Work instruction: Would you return every entry, exactly as it is written?

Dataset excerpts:
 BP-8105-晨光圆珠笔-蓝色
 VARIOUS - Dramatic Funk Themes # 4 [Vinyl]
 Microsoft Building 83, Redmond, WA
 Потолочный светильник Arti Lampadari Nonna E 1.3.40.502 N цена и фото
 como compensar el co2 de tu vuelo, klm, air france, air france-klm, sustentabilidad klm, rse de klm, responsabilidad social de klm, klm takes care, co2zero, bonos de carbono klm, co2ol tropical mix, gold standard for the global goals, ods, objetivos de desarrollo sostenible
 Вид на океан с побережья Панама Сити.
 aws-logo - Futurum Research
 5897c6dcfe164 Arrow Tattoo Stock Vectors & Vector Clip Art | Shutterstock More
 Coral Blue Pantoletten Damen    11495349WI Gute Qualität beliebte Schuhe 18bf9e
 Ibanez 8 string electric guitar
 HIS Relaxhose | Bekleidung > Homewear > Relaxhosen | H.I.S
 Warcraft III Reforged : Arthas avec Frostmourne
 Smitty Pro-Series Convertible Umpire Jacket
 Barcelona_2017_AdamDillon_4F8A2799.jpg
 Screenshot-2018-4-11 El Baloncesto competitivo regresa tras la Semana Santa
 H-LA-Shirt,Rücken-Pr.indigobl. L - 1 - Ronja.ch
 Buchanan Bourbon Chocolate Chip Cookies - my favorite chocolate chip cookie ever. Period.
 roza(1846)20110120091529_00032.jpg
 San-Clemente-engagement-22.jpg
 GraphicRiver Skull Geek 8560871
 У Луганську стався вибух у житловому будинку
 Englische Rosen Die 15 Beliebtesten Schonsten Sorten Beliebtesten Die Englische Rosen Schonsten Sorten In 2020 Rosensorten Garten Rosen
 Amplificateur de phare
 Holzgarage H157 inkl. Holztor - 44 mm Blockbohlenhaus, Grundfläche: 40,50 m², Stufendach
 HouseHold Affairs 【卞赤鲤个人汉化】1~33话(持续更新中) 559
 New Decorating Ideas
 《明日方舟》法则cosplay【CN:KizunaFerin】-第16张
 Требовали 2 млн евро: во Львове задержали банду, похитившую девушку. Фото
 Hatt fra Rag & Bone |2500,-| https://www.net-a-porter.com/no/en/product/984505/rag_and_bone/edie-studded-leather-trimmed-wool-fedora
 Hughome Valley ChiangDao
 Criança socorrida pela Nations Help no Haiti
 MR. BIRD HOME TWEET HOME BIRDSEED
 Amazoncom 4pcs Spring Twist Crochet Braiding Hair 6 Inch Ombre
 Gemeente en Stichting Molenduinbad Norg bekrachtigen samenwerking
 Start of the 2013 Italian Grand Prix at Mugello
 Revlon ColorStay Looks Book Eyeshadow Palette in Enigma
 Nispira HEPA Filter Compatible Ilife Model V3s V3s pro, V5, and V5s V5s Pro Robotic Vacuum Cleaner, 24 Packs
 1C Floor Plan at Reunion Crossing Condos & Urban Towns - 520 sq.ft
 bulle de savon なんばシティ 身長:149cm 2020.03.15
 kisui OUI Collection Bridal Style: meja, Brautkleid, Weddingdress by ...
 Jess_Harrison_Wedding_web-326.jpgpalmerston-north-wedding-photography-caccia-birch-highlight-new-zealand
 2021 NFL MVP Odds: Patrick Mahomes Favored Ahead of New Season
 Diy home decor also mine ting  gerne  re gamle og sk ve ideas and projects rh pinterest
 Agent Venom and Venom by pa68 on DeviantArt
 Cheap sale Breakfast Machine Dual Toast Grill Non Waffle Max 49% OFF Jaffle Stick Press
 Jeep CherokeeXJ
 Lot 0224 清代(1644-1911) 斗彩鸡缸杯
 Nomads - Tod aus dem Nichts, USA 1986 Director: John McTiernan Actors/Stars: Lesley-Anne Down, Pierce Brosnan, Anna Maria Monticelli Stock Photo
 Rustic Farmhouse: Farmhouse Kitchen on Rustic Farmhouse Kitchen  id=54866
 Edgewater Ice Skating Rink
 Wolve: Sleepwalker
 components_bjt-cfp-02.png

Answer section:
 BP-8105-晨光圆珠笔-蓝色
 VARIOUS - Dramatic Funk Themes # 4 [Vinyl]
 Microsoft Building 83, Redmond, WA
 Потолочный светильник Arti Lampadari Nonna E 1.3.40.502 N цена и фото
 como compensar el co2 de tu vuelo, klm, air france, air france-klm, sustentabilidad klm, rse de klm, responsabilidad social de klm, klm takes care, co2zero, bonos de carbono klm, co2ol tropical mix, gold standard for the global goals, ods, objetivos de desarrollo sostenible
 Вид на океан с побережья Панама Сити.
 aws-logo - Futurum Research
 5897c6dcfe164 Arrow Tattoo Stock Vectors & Vector Clip Art | Shutterstock More
 Coral Blue Pantoletten Damen    11495349WI Gute Qualität beliebte Schuhe 18bf9e
 Ibanez 8 string electric guitar
 HIS Relaxhose | Bekleidung > Homewear > Relaxhosen | H.I.S
 Warcraft III Reforged : Arthas avec Frostmourne
 Smitty Pro-Series Convertible Umpire Jacket
 Barcelona_2017_AdamDillon_4F8A2799.jpg
 Screenshot-2018-4-11 El Baloncesto competitivo regresa tras la Semana Santa
 H-LA-Shirt,Rücken-Pr.indigobl. L - 1 - Ronja.ch
 Buchanan Bourbon Chocolate Chip Cookies - my favorite chocolate chip cookie ever. Period.
 roza(1846)20110120091529_00032.jpg
 San-Clemente-engagement-22.jpg
 GraphicRiver Skull Geek 8560871
 У Луганську стався вибух у житловому будинку
 Englische Rosen Die 15 Beliebtesten Schonsten Sorten Beliebtesten Die Englische Rosen Schonsten Sorten In 2020 Rosensorten Garten Rosen
 Amplificateur de phare
 Holzgarage H157 inkl. Holztor - 44 mm Blockbohlenhaus, Grundfläche: 40,50 m², Stufendach
 HouseHold Affairs 【卞赤鲤个人汉化】1~33话(持续更新中) 559
 New Decorating Ideas
 《明日方舟》法则cosplay【CN:KizunaFerin】-第16张
 Требовали 2 млн евро: во Львове задержали банду, похитившую девушку. Фото
 Hatt fra Rag & Bone |2500,-| https://www.net-a-porter.com/no/en/product/984505/rag_and_bone/edie-studded-leather-trimmed-wool-fedora
 Hughome Valley ChiangDao
 Criança socorrida pela Nations Help no Haiti
 MR. BIRD HOME TWEET HOME BIRDSEED
 Amazoncom 4pcs Spring Twist Crochet Braiding Hair 6 Inch Ombre
 Gemeente en Stichting Molenduinbad Norg bekrachtigen samenwerking
 Start of the 2013 Italian Grand Prix at Mugello
 Revlon ColorStay Looks Book Eyeshadow Palette in Enigma
 Nispira HEPA Filter Compatible Ilife Model V3s V3s pro, V5, and V5s V5s Pro Robotic Vacuum Cleaner, 24 Packs
 1C Floor Plan at Reunion Crossing Condos & Urban Towns - 520 sq.ft
 bulle de savon なんばシティ 身長:149cm 2020.03.15
 kisui OUI Collection Bridal Style: meja, Brautkleid, Weddingdress by ...
 Jess_Harrison_Wedding_web-326.jpgpalmerston-north-wedding-photography-caccia-birch-highlight-new-zealand
 2021 NFL MVP Odds: Patrick Mahomes Favored Ahead of New Season
 Diy home decor also mine ting  gerne  re gamle og sk ve ideas and projects rh pinterest
 Agent Venom and Venom by pa68 on DeviantArt
 Cheap sale Breakfast Machine Dual Toast Grill Non Waffle Max 49% OFF Jaffle Stick Press
 Jeep CherokeeXJ
 Lot 0224 清代(1644-1911) 斗彩鸡缸杯
 Nomads - Tod aus dem Nichts, USA 1986 Director: John McTiernan Actors/Stars: Lesley-Anne Down, Pierce Brosnan, Anna Maria Monticelli Stock Photo
 Rustic Farmhouse: Farmhouse Kitchen on Rustic Farmhouse Kitchen  id=54866
 Edgewater Ice Skating Rink
 Wolve: Sleepwalker
 components_bjt-cfp-02.png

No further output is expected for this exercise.